Former Springfield curator lands new job

A month after four trustees quit the Springfield Museum of Art board to protest the firing of curator Charlotte Gordon, she has a new job.

Gordon has been hired as artistic director of the Southern Ohio Museum in Portsmouth.

It’s a move that also will bring her husband, Mark Chepp, out of semi-retirement to assume the position of executive director at that same museum.

Chepp, director emeritus of the Springfield Museum of Art, served as executive director locally for 15 years beginning in 1991, building the museum’s permanent collection of American art that’s now valued at $6 million.

Their new endeavor in Portsmouth started taking shape the day Gordon’s job was eliminated on May 1 as part of a new operating strategy at the local museum to rely on more contracted personnel. She had served as full-time curator of the local art museum since 2006.

“We knew an opening (in Portsmouth) would be coming for Charlotte’s area.

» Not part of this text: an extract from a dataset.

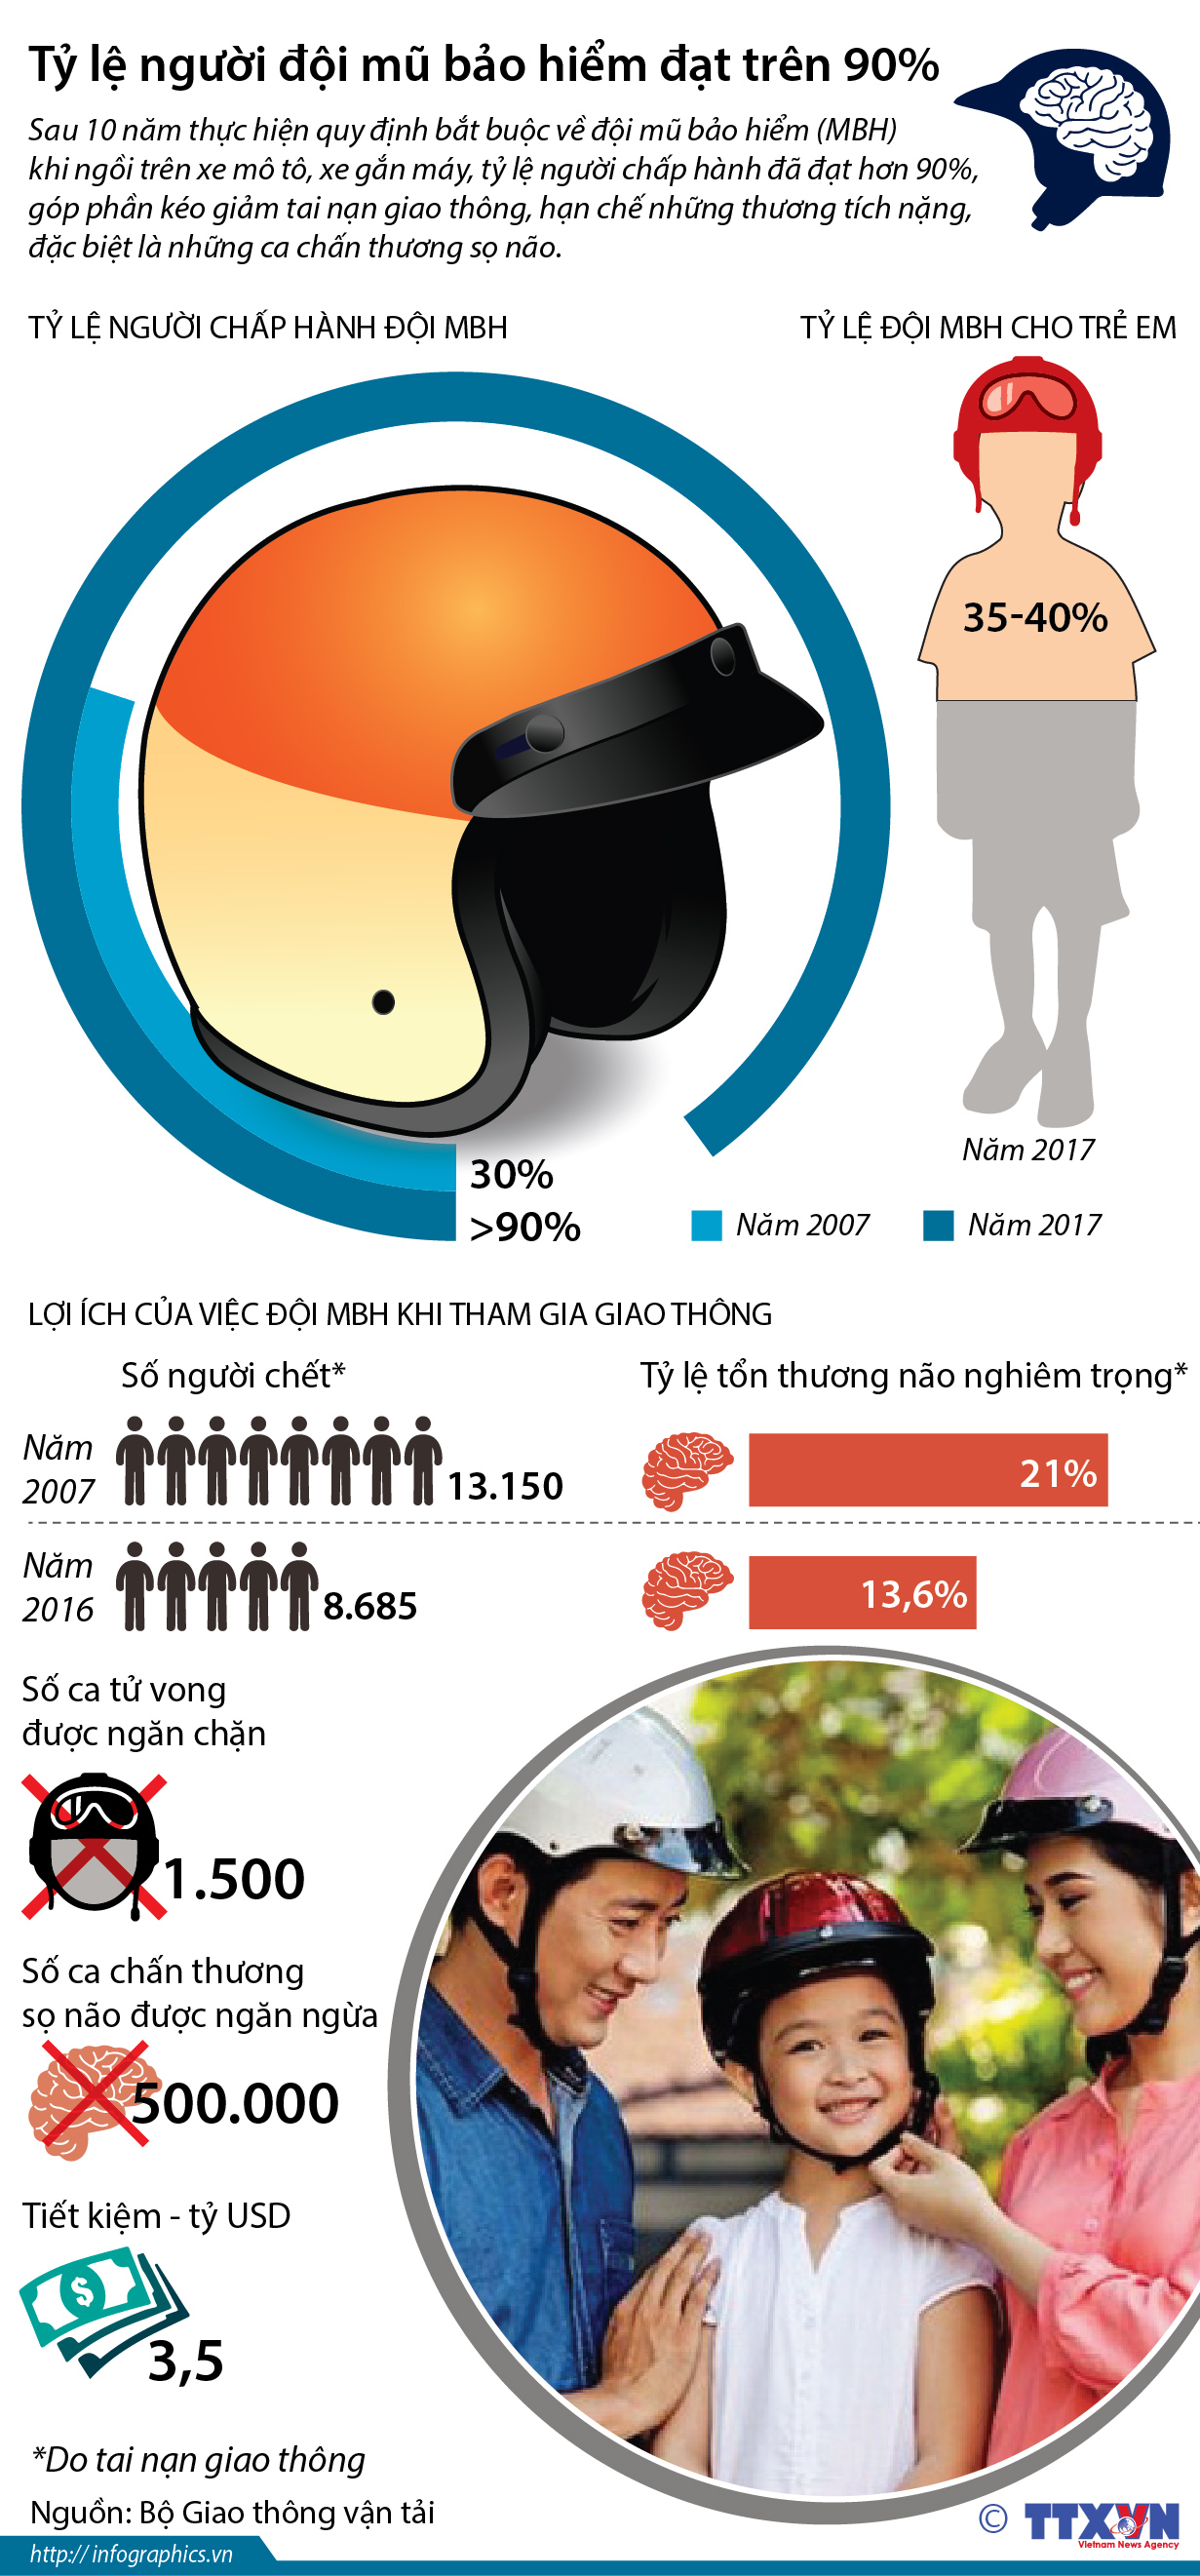 Tỷ lệ người đội mũ bảo hiểm đạt trên 90%

That was one of the first calls we made,” Chepp said. “As it turns out, they were also looking to make a change at the executive director position. They called back and asked, ‘What are you doing?’

“Part of it was networking and knowing people,” he added, “and part of it was just pure dumb luck.”

The idea of working alongside his wife of almost 10 years as co-directors of a museum proved too tempting.

“You can’t pass something like that up,” Chepp, 65, said, “so I didn’t.”

“We are absolutely confident that they have the skills, personality, experience and passion to take the museum to new heights of programming and policy in the 21st century, and we are eager to welcome them into our community,” Asa Jewett, president of the Southern Ohio Museum board, said in a statement.

Chepp, a Milwaukee native who headed efforts to restore the Westcott House and the Hartman Rock Garden during his time in Springfield, most recently had been devoting time to painting and teaching two art classes per semester at Urbana University.

They don’t technically have to start work in Portsmouth until July 1, but decided to start Tuesday.

“We’re rolling up our sleeves and starting early,” Gordon said.

Opened in 1979 in a Beaux Arts-style building that had been a bank headquarters, the Southern Ohio Museum contains space for both visual and performing arts. Its permanent collection boasts the largest single collection of works by noted scene painter Clarence Holbrook Carter, a Portsmouth native, and thousands of prehistoric American Indian objects.

As museum professionals and working artists, they’ve had a long relationship with the museum in Portsmouth. Chepp recently curated a touring exhibit, “Outside in Ohio: A Century of Unexpected Genius,” that was produced by the Southern Ohio Museum.

“It’s a very solid museum,” Gordon, 53, said. “It’s been run in a very solid, consistent way. For a town of 18,000, it’s amazing this facility is here and is so strong. When we were looking at places, this was our first call.”